═══ DATA

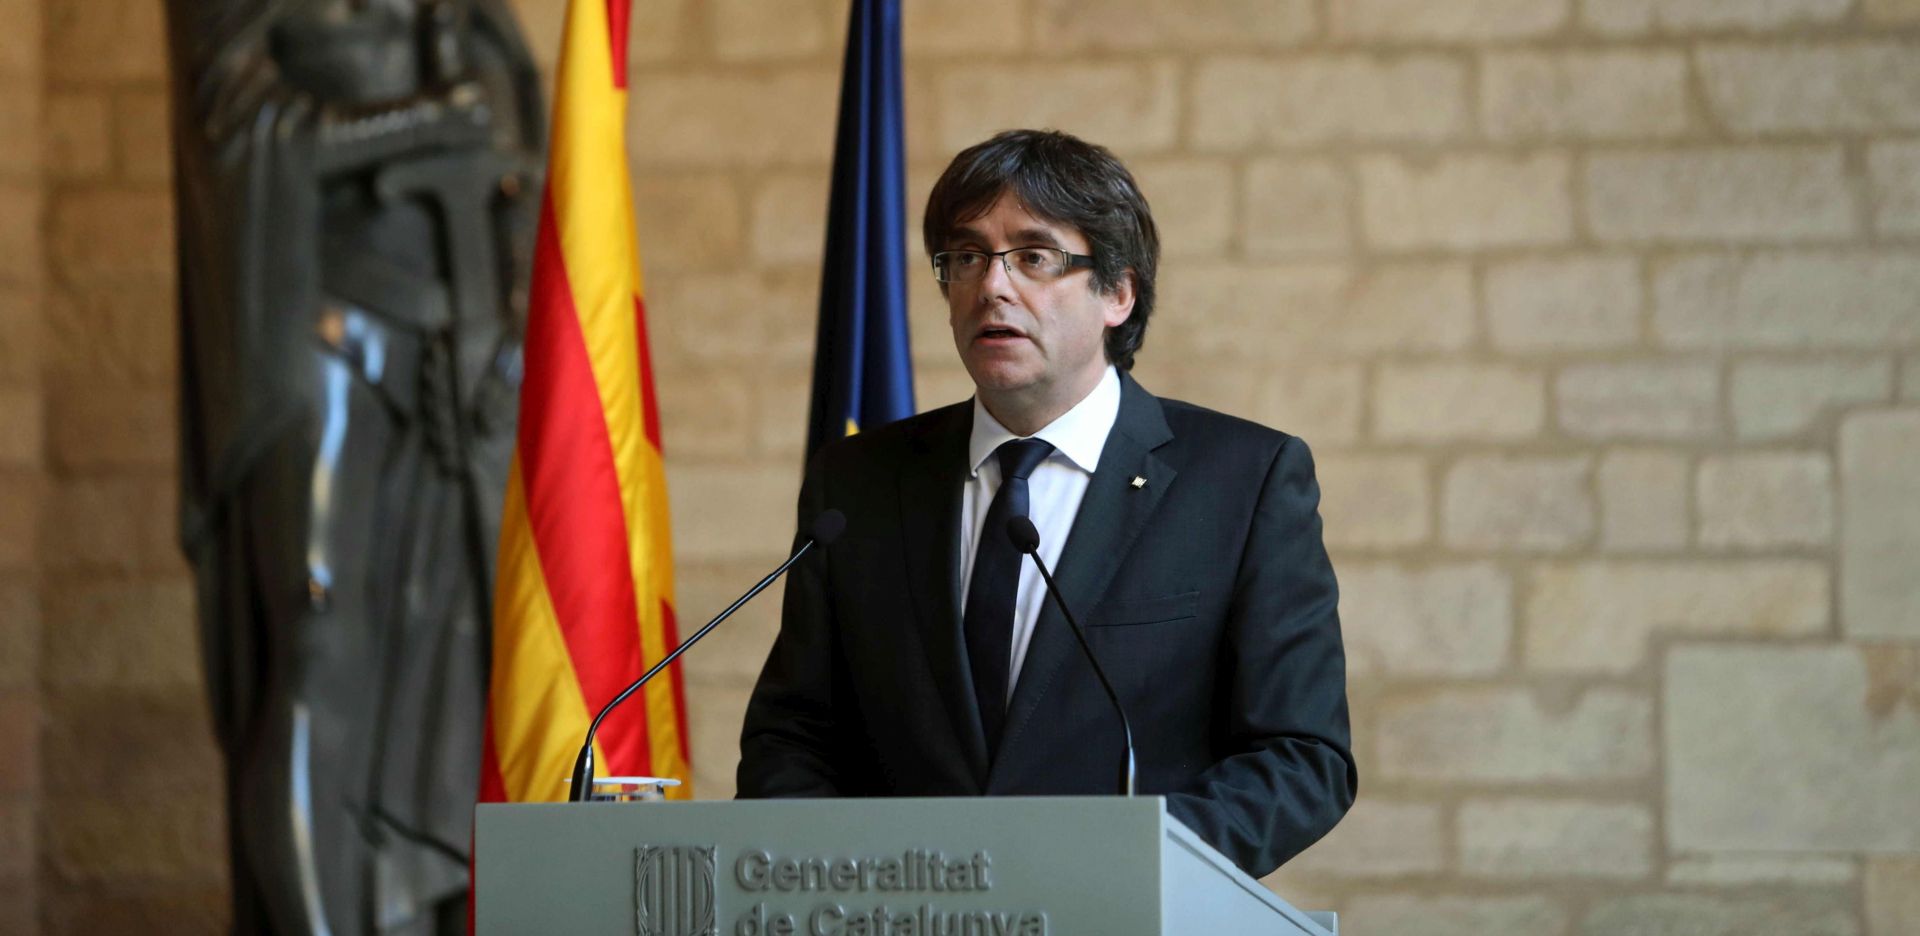 VIDEO: EKSHIBICIONIST BEZ POKRIĆA? Što će biti s katalonskim predsjednikom Puigdemontom?
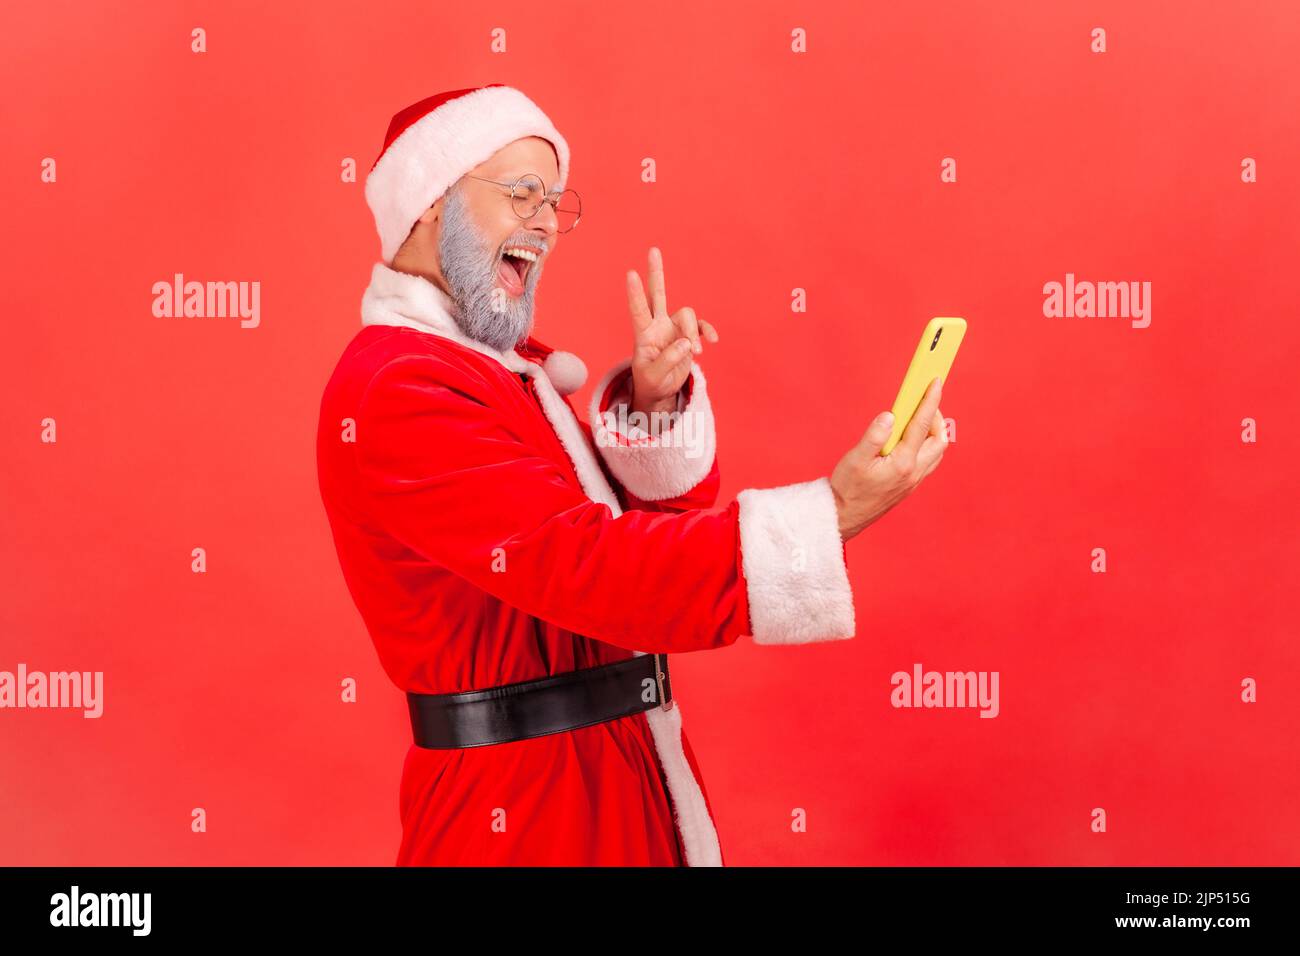 Seitenansicht eines älteren Mannes mit grauem Bart, der das weihnachtsmann-Kostüm trägt und den Livestream überträgt, der Anhänger ein V-Zeichen zeigt, aufgeregt. Innenaufnahme des Studios isoliert auf rotem Hintergrund. Stockfoto
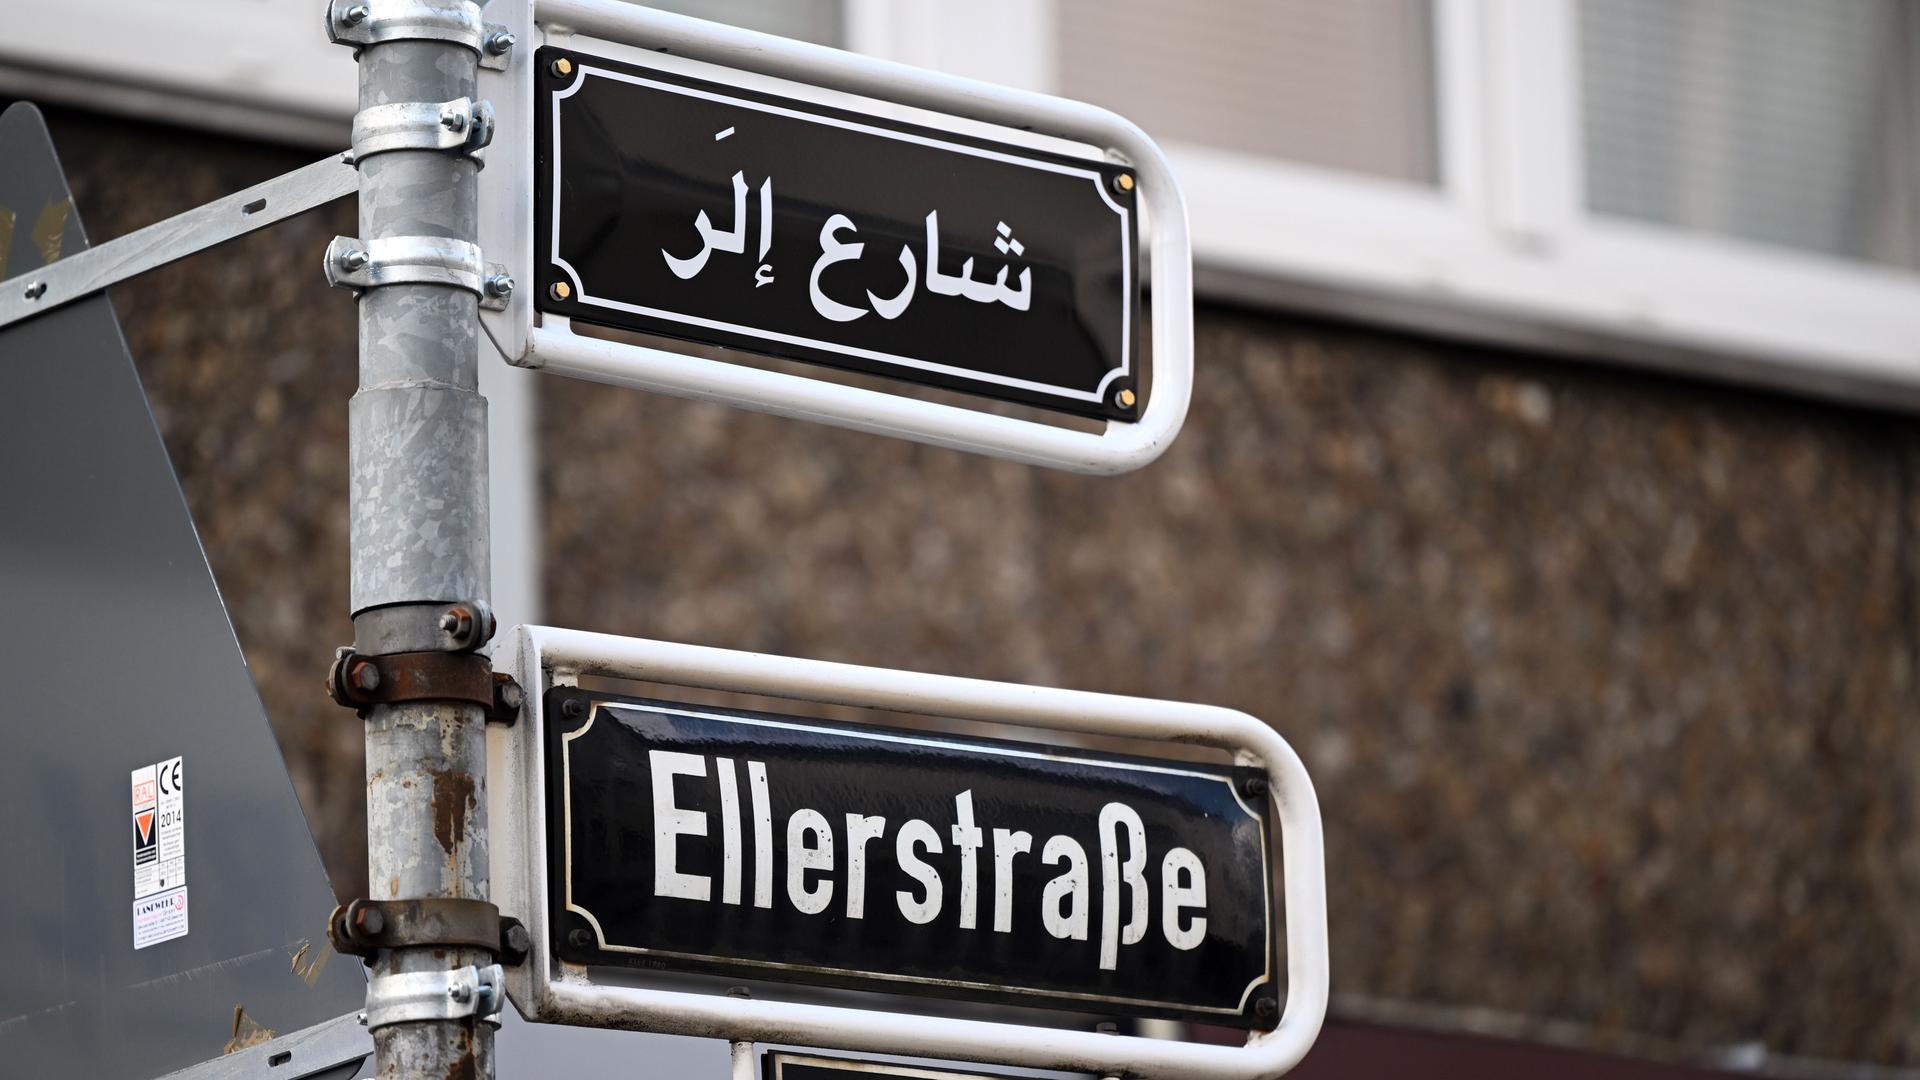 Ellerstraße - Düsseldorfs Oberbürgermeister Keller (CDU) bringt "rassistische Verunstaltung" von Straßenschild zur Anzeige - Staatsschutz ermittelt

══════

**WHAT IS NEEDED**
Every line above has to be output exactly; the pictures must be dropped.

**WRITTEN RESPONSE**
 VIDEO: EKSHIBICIONIST BEZ POKRIĆA? Što će biti s katalonskim predsjednikom Puigdemontom?
 Seitenansicht eines älteren Mannes mit grauem Bart, der das weihnachtsmann-Kostüm trägt und den Livestream überträgt, der Anhänger ein V-Zeichen zeigt, aufgeregt. Innenaufnahme des Studios isoliert auf rotem Hintergrund. Stockfoto
 Ellerstraße - Düsseldorfs Oberbürgermeister Keller (CDU) bringt "rassistische Verunstaltung" von Straßenschild zur Anzeige - Staatsschutz ermittelt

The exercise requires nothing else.